Srebrenica: The story that will never end

I’ve been to more than one hundred mass graves, mass funerals and witnessed the long, exhaustive process of victim identification. I took pictures of bones found in caves and rivers, taken from mud, recovered from woods and mines or just left by the road.

Most of these terrible assignments were around the small, used to be forgotten at-the-end-of-the-road town called Srebrenica in eastern Bosnia.

The international criminal court said the most terrible crimes of genocide were committed in Srebrenica area when the Bosnian Serb forces massacred thousands of Muslims after the enclave, ironically under U.N. protection as a safe heaven, was overrun by an army led by its ruthless commander.

Ratko Mladic, a typical officer mutated from what used to be the Yugoslav people’s army, was the commander of the forces that overran the enclave. He commanded what he said was the revenge upon the Turks for the events from the early 19th century. Thousands of white Muslim gravestones at the terrifying and extremely sad Srebrenica memorial remain as a symbol of that “revenge”. Thousands are still missing, their bones hidden in heavy Bosnian soil.

I have never seen Ratko Mladic, I never photographed him, but his bloody signature is written all over my pictures. Every time I would go to another mass grave or a mass funeral of victims of his “revenge”, the face of a man confident he is doing the right thing would come into the frame. Rolled up sleeves, binoculars in his hands as he ordered his artillery “Don’t let them sleep. Make them lose their minds.”

I will carry the mud from mass graves and the smell of decomposing bodies on my shoes wherever I go. I will continue shooting my Srebrenica pictures on every story of crimes against humanity no matter how far and different they may be.

Now, after more than 15 years on the run Ratko Mladic was captured in a small village in Serbia and is on his way to join Radovan Karadzic, his war-time president and another “butcher of Balkans” according to the international press, in the Hague.
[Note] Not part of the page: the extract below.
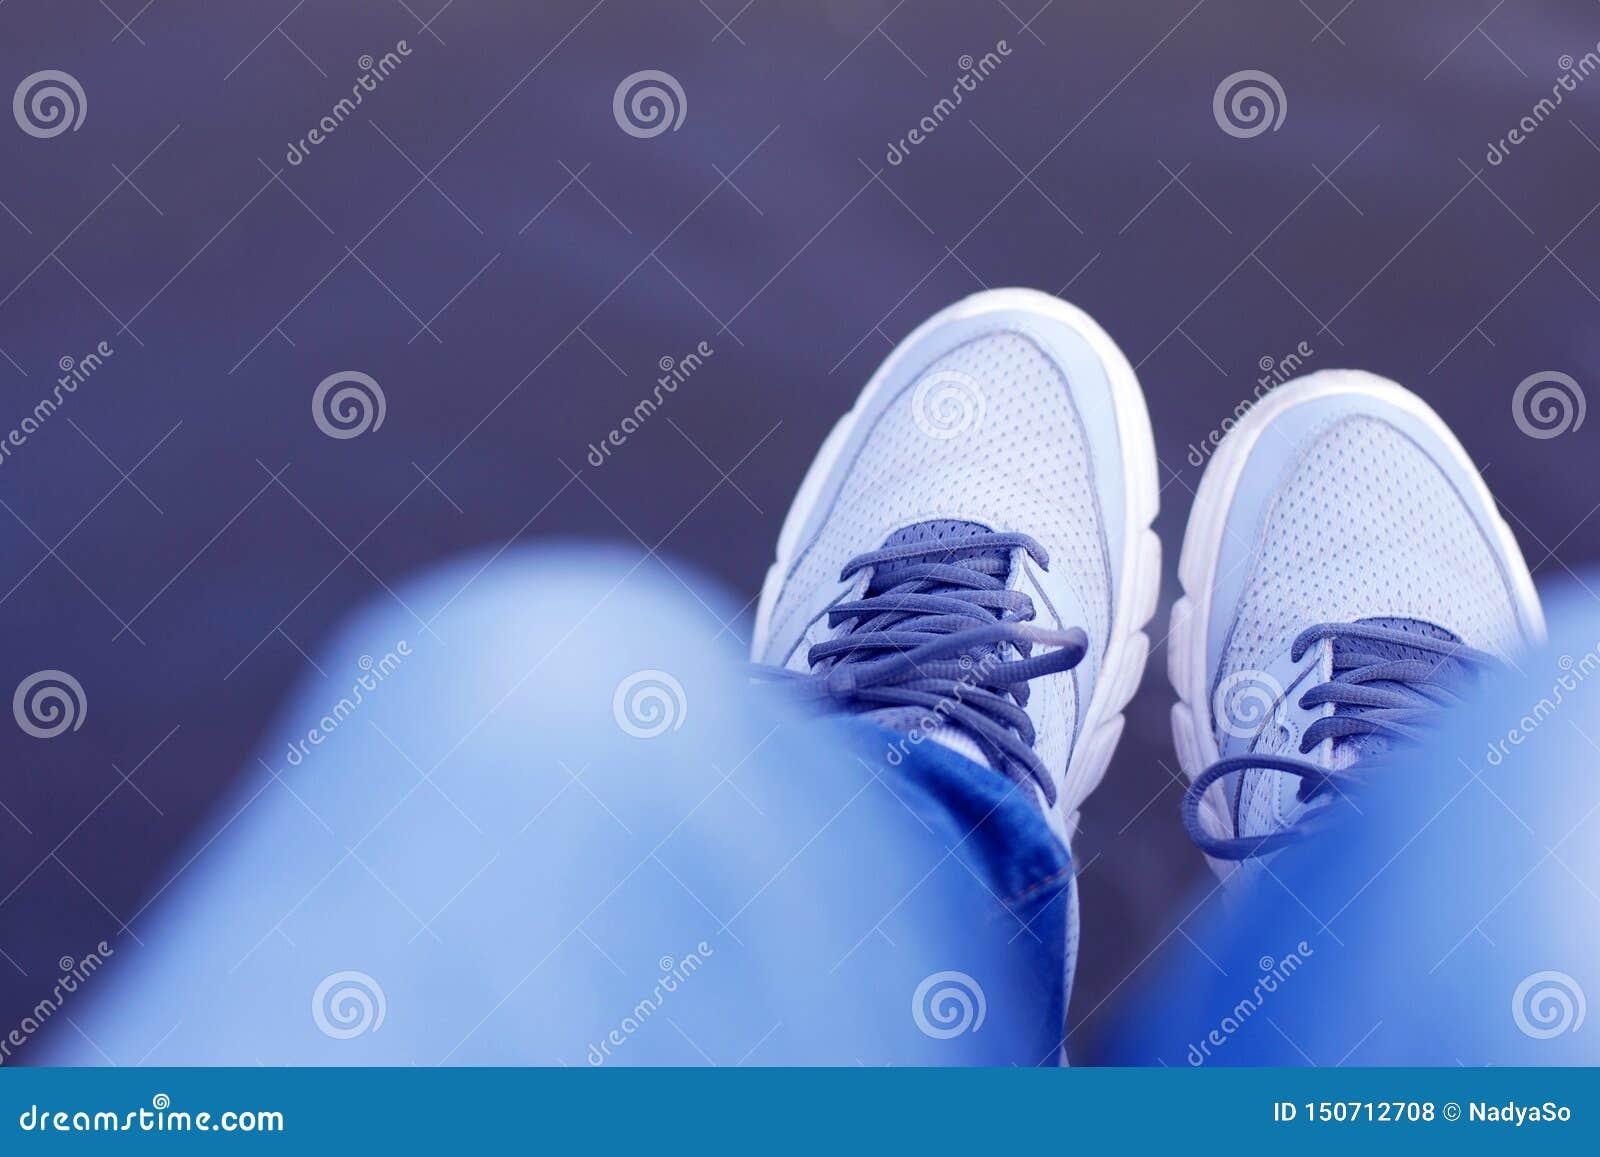 Foto: NadyaSo ciondola i piedi sopra l acqua, jeans, scarpe da tennis grige, prima persona

Looking at the few handout pictures of an old man emerging from the Belgrade court – Mladic is almost seventy now – sends chills down my spine. I’m not even sure I want to see him any more, to hear what he has to say, his words from the ’90s were enough, there is not much else to say.

All that could be heard from the pictures – a sea of coffins lined up for the funeral every 11th of July, a wrinkled face of a woman, the only survivor in her family, as she holds a photo of her killed son, bones bulldozed in the mass graves, the names on the memorial…

And don’t forget Sarajevo and its siege, the longest in the modern history of wars – Mladic was in charge of that one, too.

Covering one long story is not an easy thing to do, no matter how big and important it is. Fifteen years of the same – one could ask “does anyone care anymore?” How many times can the same story be written and will papers print it at all?

The threshold was getting very high as the years passed and questions were asked – how many at this mass grave, is it over one hundred? Anything special? A baby skull with a bullet hole, maybe a body impaled on the stake? Only thirty bodies?

As I was went from one site of atrocities to another, Mladic was still in hiding raising questions that made my head hurt like hell. He would only appear from time to time on the posters or t-shirts of his supporters – there are people still calling him the hero. That is where the reality bites and pictures get scary – ghosts of victims dancing between white grave marks in our photos are harmless.

The general is in the custody now, but, just like these pictures, his “revenge” remains imprinted in the sad history of a beautiful country.


Some of the best advice I’ve ever heard in our profession was to take every assignment as it was never done before and you are the only one to witness it. No matter what was the year – 1995 or 2005 – every time I go to Srebrenica, I would have the feeling that I’m doing something that is more that just a regular story.

It is, simply, the biggest story of my life.

  1. Eloquent questions Damir. As you say, this story could be read into a hundred others of similar injustice that continue reoccurring despite campaigns and journalistic exposure. Why do we continue to photograph such things, do you think? Do you feel we make a difference? Fantastic images btw.

    • Of course we make a difference! Well, our pictures, I should say here…

      What else – to leave only the numbers and quotes to tell the story?! They are capable of doing so, no questions about it – but what’s gonna make people read those words and check the numbers?

      Or what’s gonna make them to remember?

      • images make a difference to analysis and statistics, and vice versa, 1:1. it’s the complementary crafts of journalism i suppose. and the purpose of journalism is history, of and for: now and forever. history would be poor without photos like these.

  2. God, this world is awful.

    There is not much else that you could have done but to make such images; in such an case what else can a photographer do but work with journalists and gather evidence?